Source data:
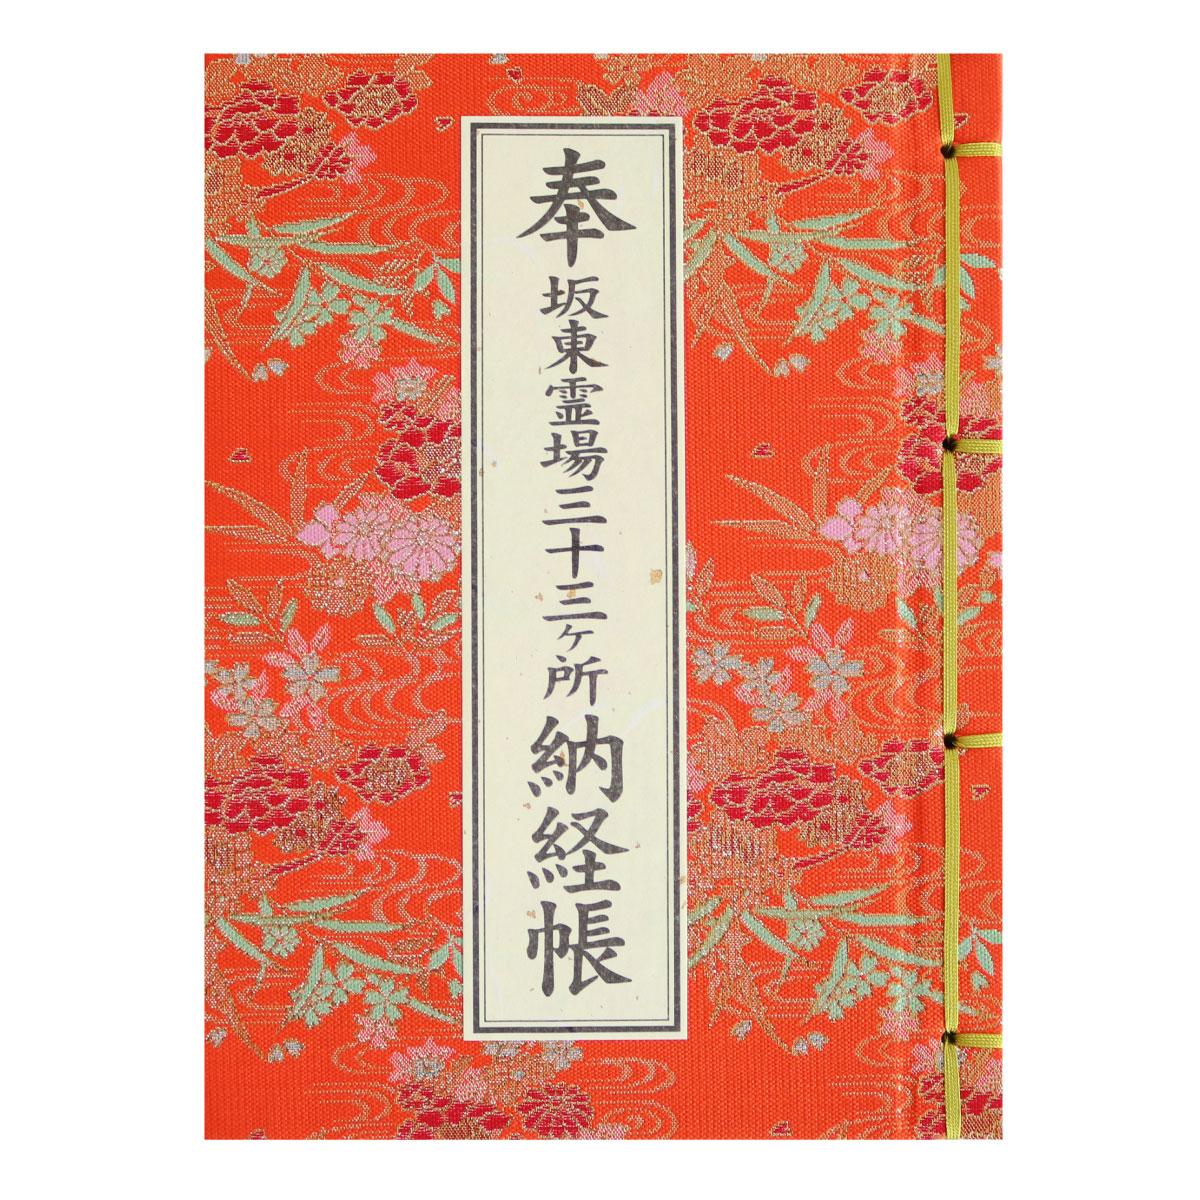 坂東三十三ヶ所霊場納経帳流水花柄(朱)
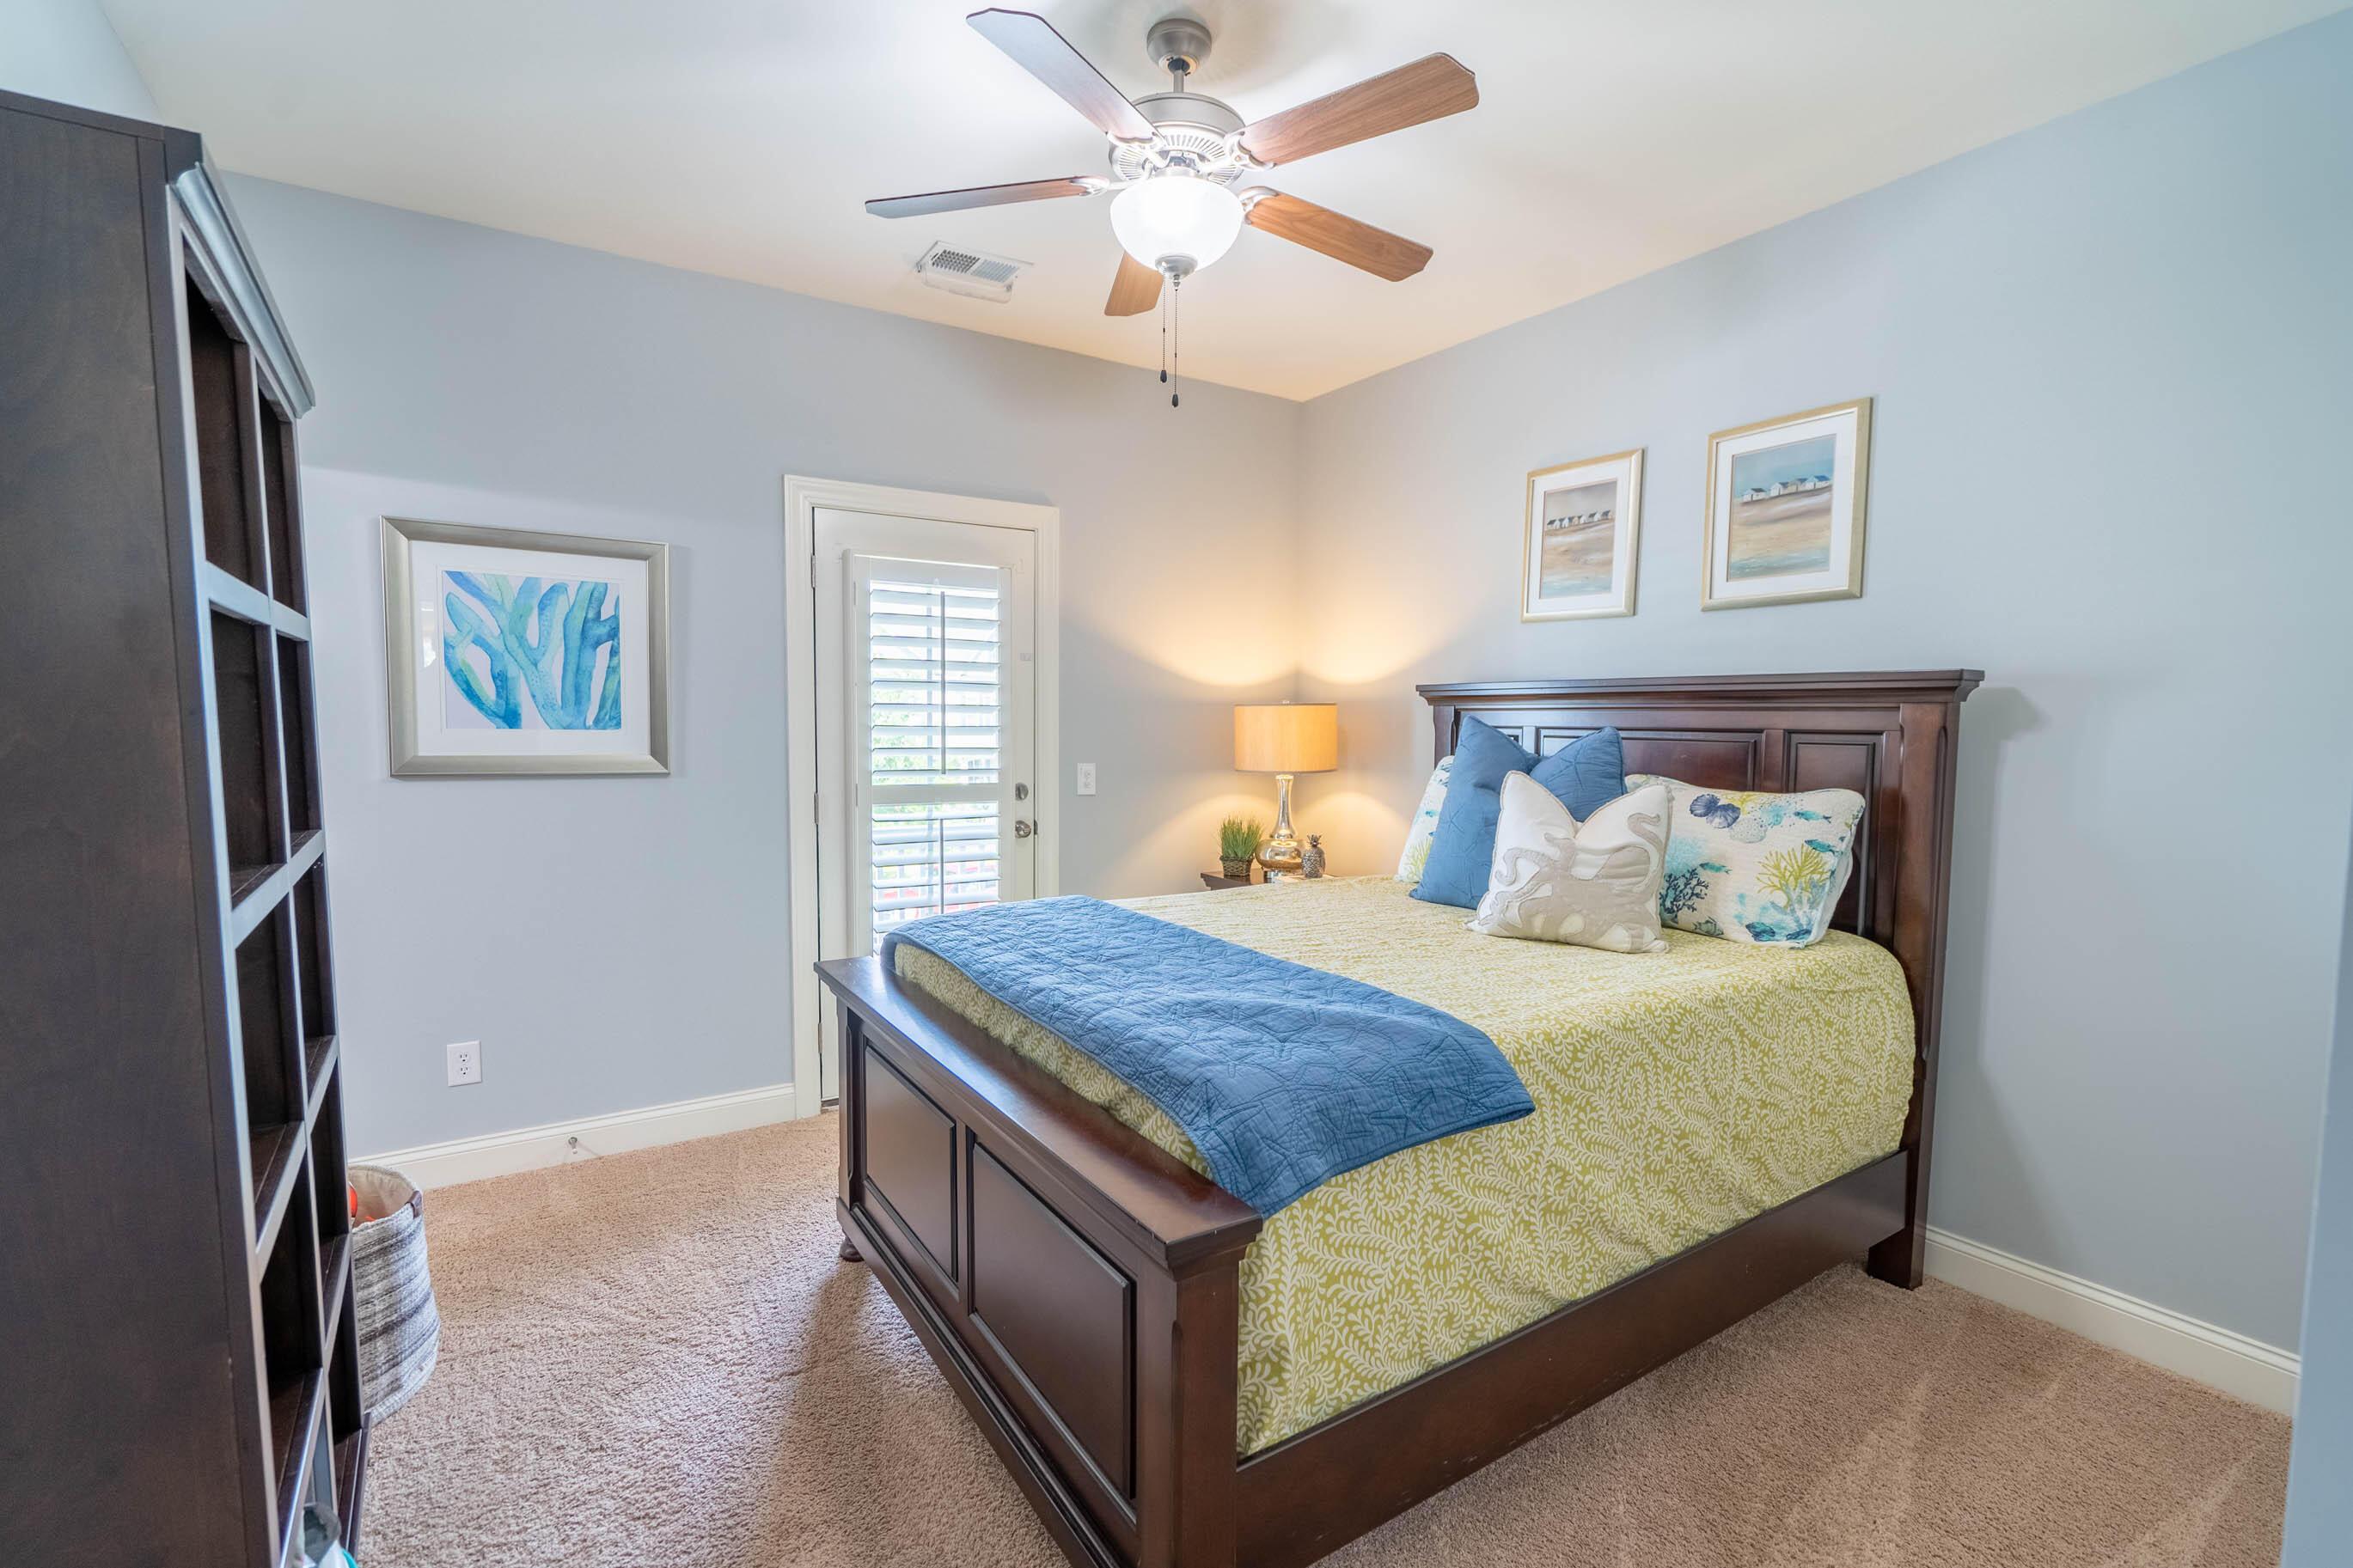 Dunes West Homes For Sale - 2997 Sturbridge, Mount Pleasant, SC - 43
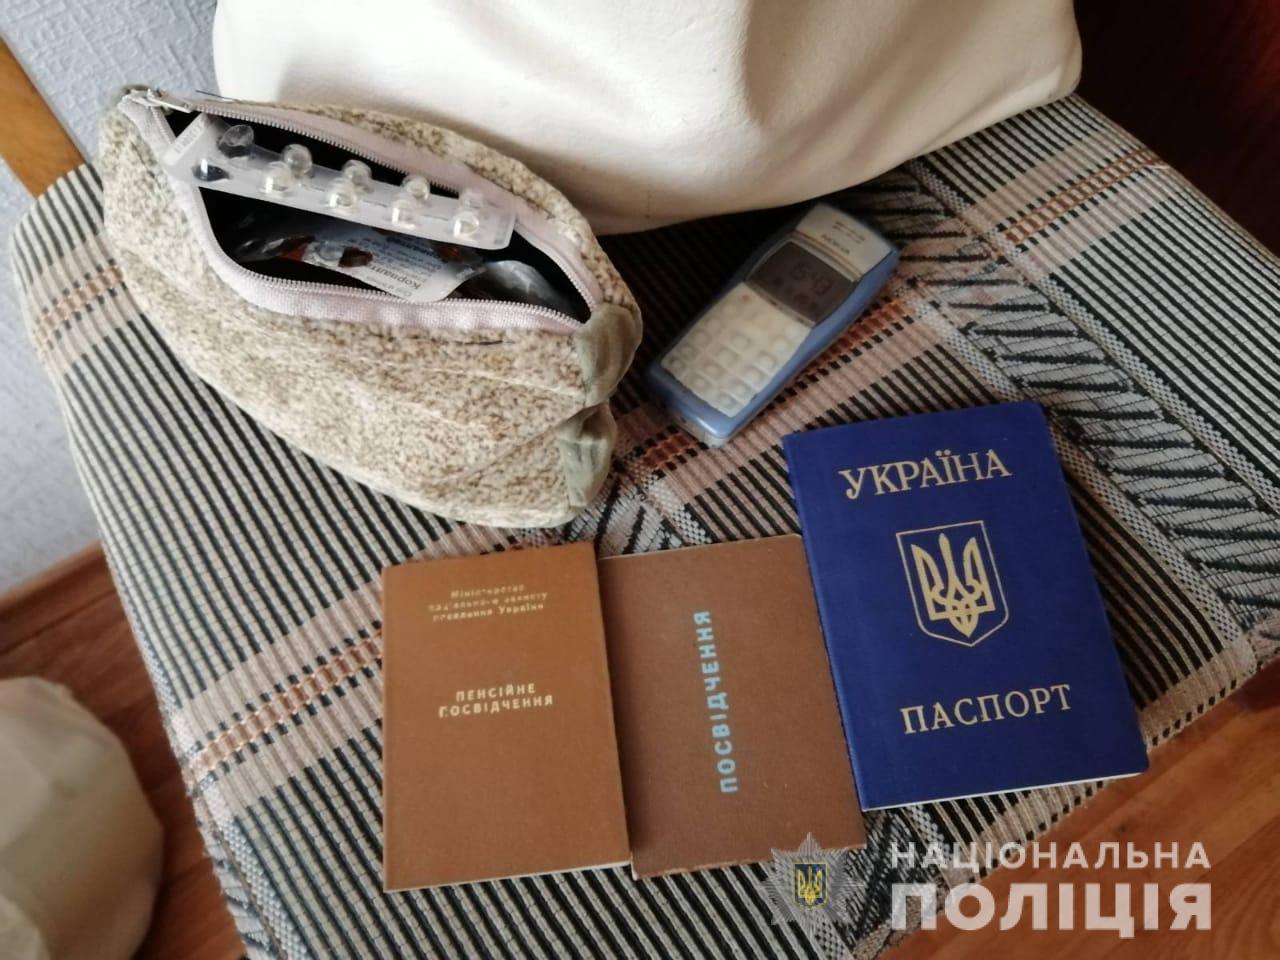 У Білій Церкві грабіжник вихопив у пенсіонерки сумку - поліція Київщини, Грабіж, Біла Церква - pensiyaBTSgrabizh1
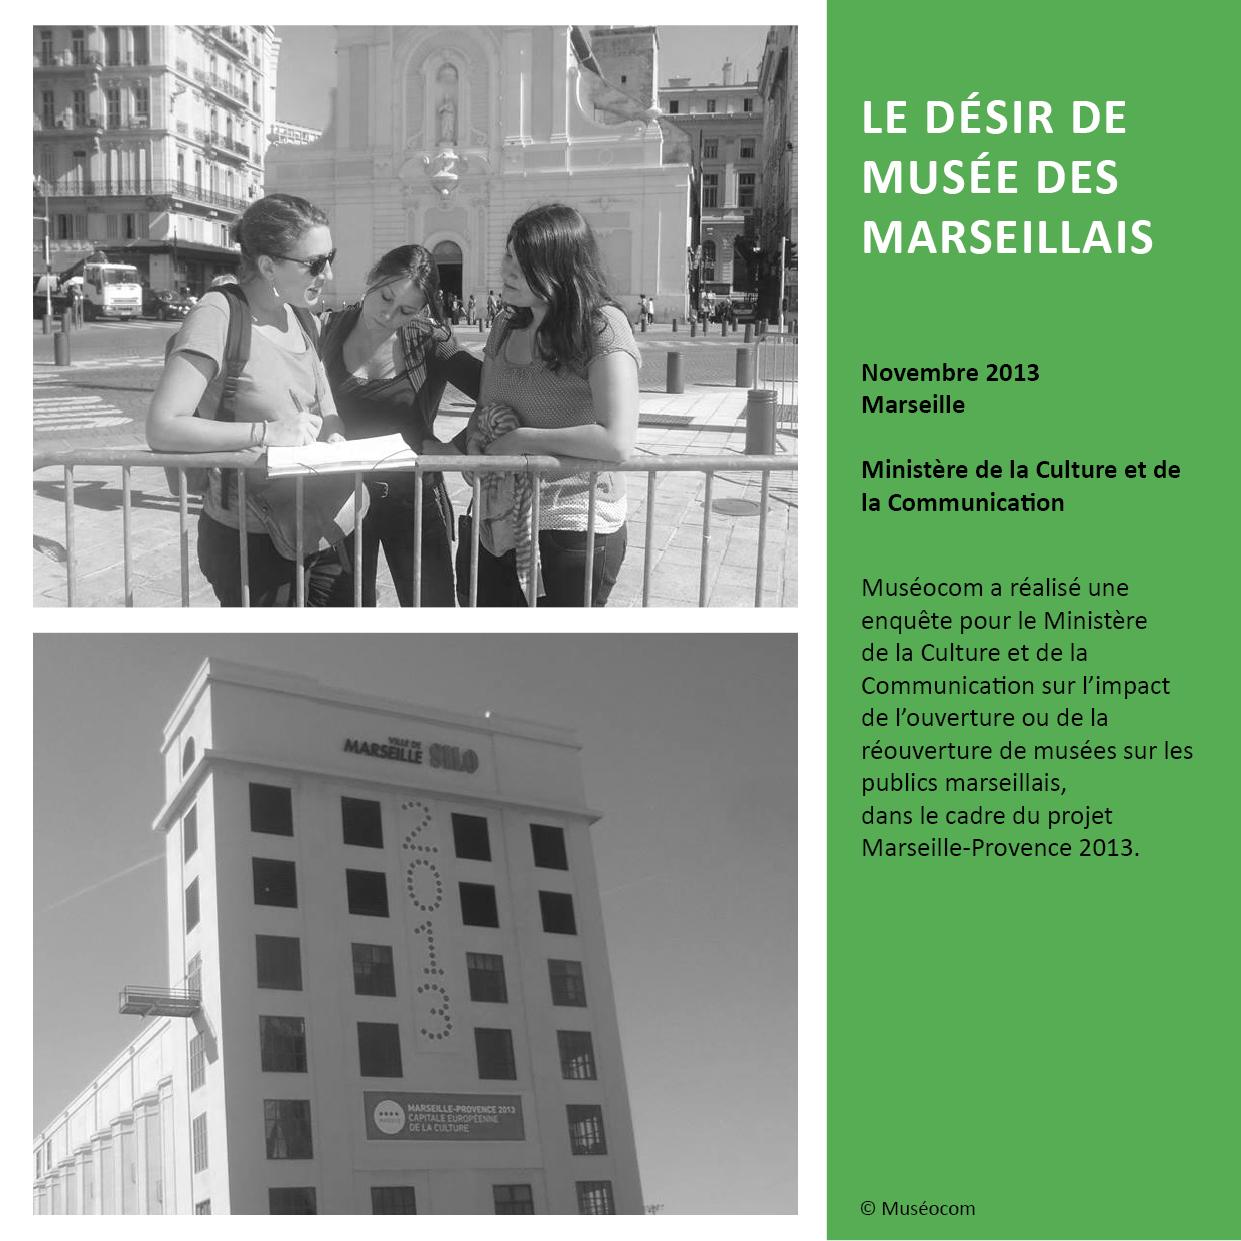 LE DÉSIR DE MUSÉE DES MARSEILLAIS
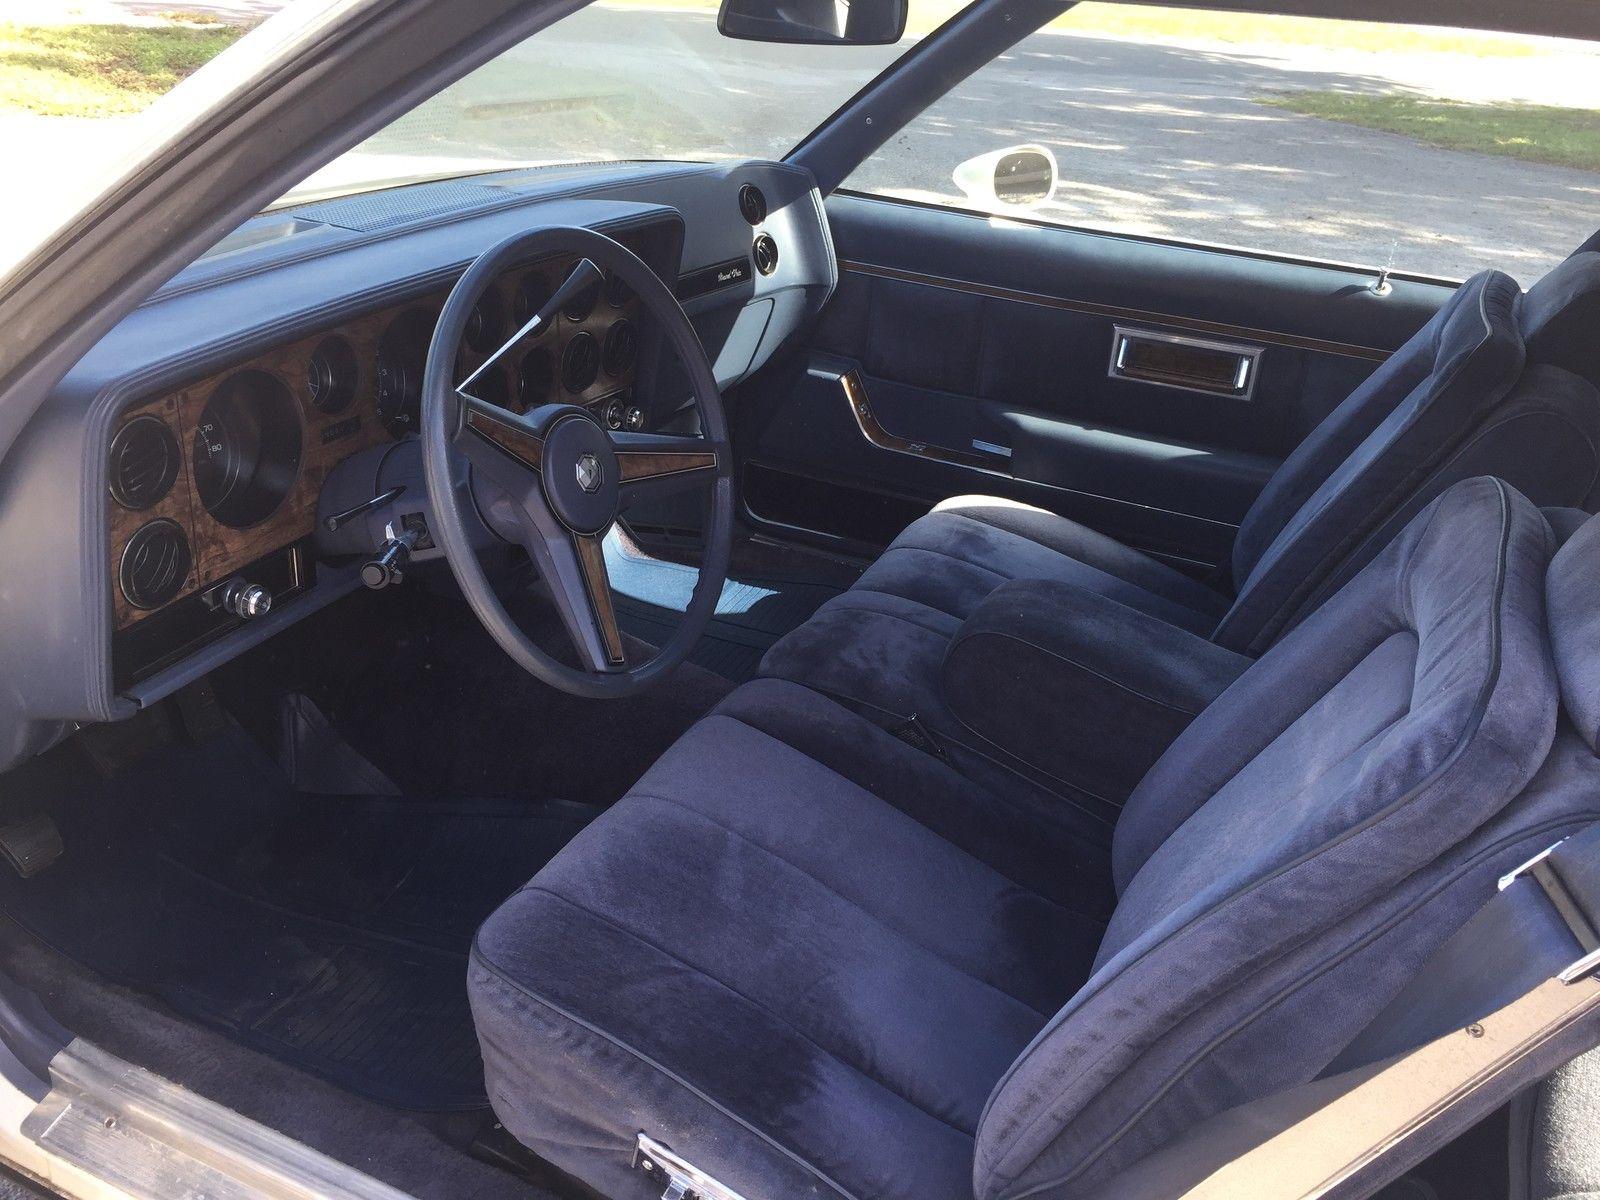 305 V8 1983 Pontiac GP LJ Classic Pontiac Grand Prix 1983 for sale #8B8140

* About this exercise *
Word for word, set down the lines from the line with "LE DÉSIR DE MUSÉE DES MARSEILLAIS" through the last line of the entries, and nothing else; the pictures stay out.

* Result of the exercise *
 LE DÉSIR DE MUSÉE DES MARSEILLAIS
 305 V8 1983 Pontiac GP LJ Classic Pontiac Grand Prix 1983 for sale #8B8140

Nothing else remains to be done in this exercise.